Alors qu’elle se forçait à avaler sa bouillie – pas si mauvaise que ça, mais le jambon d’Aviendha et ses œufs aux pruneaux la faisaient saliver –, Elayne se surprit à avoir hâte de souffrir de ses premières nausées, qu’elle pourrait malicieusement partager avec Birgitte.

Le premier visiteur de la matinée, à part Essande, tenait la corde auprès des femmes du palais pour le titre envié de géniteur du futur bébé de la future reine.

— Majesté, dit le capitaine Mellar en s’inclinant, son chapeau à plume fendant l’air, le Premier Clerc attend votre bon plaisir.

Dans les yeux noirs de l’officier, on voyait clairement que les hommes morts de sa main ne venaient jamais hanter ses nuits. Bizarrement, l’écharpe de soie qui lui barrait la poitrine et la dentelle qui ornait son col et ses poignets lui donnaient un air encore plus dur.

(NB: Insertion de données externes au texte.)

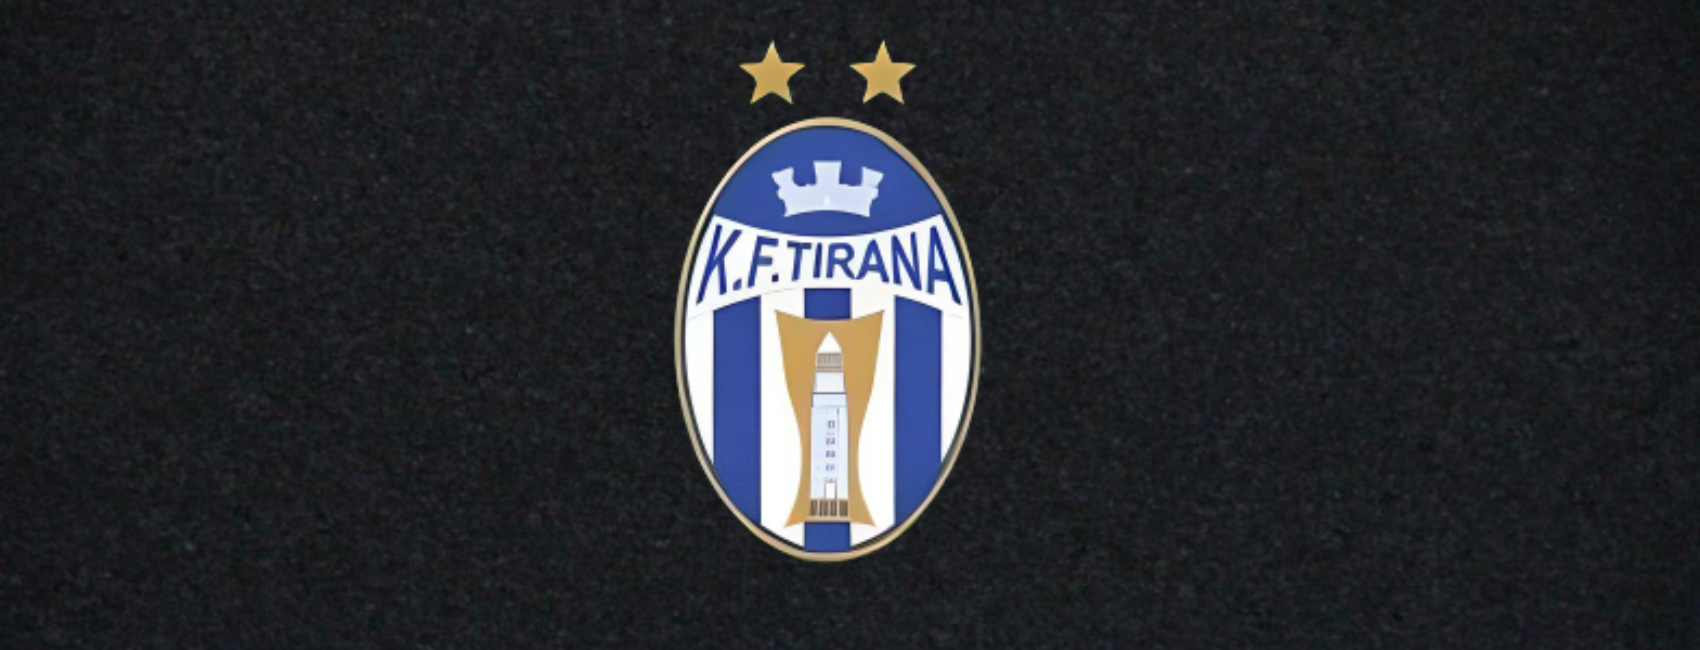 KF TIRANA ALBANIA

Alors qu’elle s’essuyait les lèvres avec une serviette, Aviendha le regarda, imperturbable. Les deux gardes du corps qui flanquait la porte d’entrée, elles, eurent l’ombre d’une grimace. En peu de temps, Mellar s’était fait la réputation d’avoir la main baladeuse dès qu’une jolie paire de fesses passait à sa portée. Beaucoup plus grave aux yeux des protectrices d’Elayne, il passait son temps à les accuser de nullité crasse dans toutes les tavernes de Caemlyn.

— Pas de « Majesté », capitaine, je n’en suis pas encore là, dit sèchement Elayne.

L’essentiel, avec ce type, c’était de savoir le remettre à sa place.

— Comment se passe le recrutement de ma garde rapprochée ?

— Nous n’en sommes qu’à trente-deux, ma dame.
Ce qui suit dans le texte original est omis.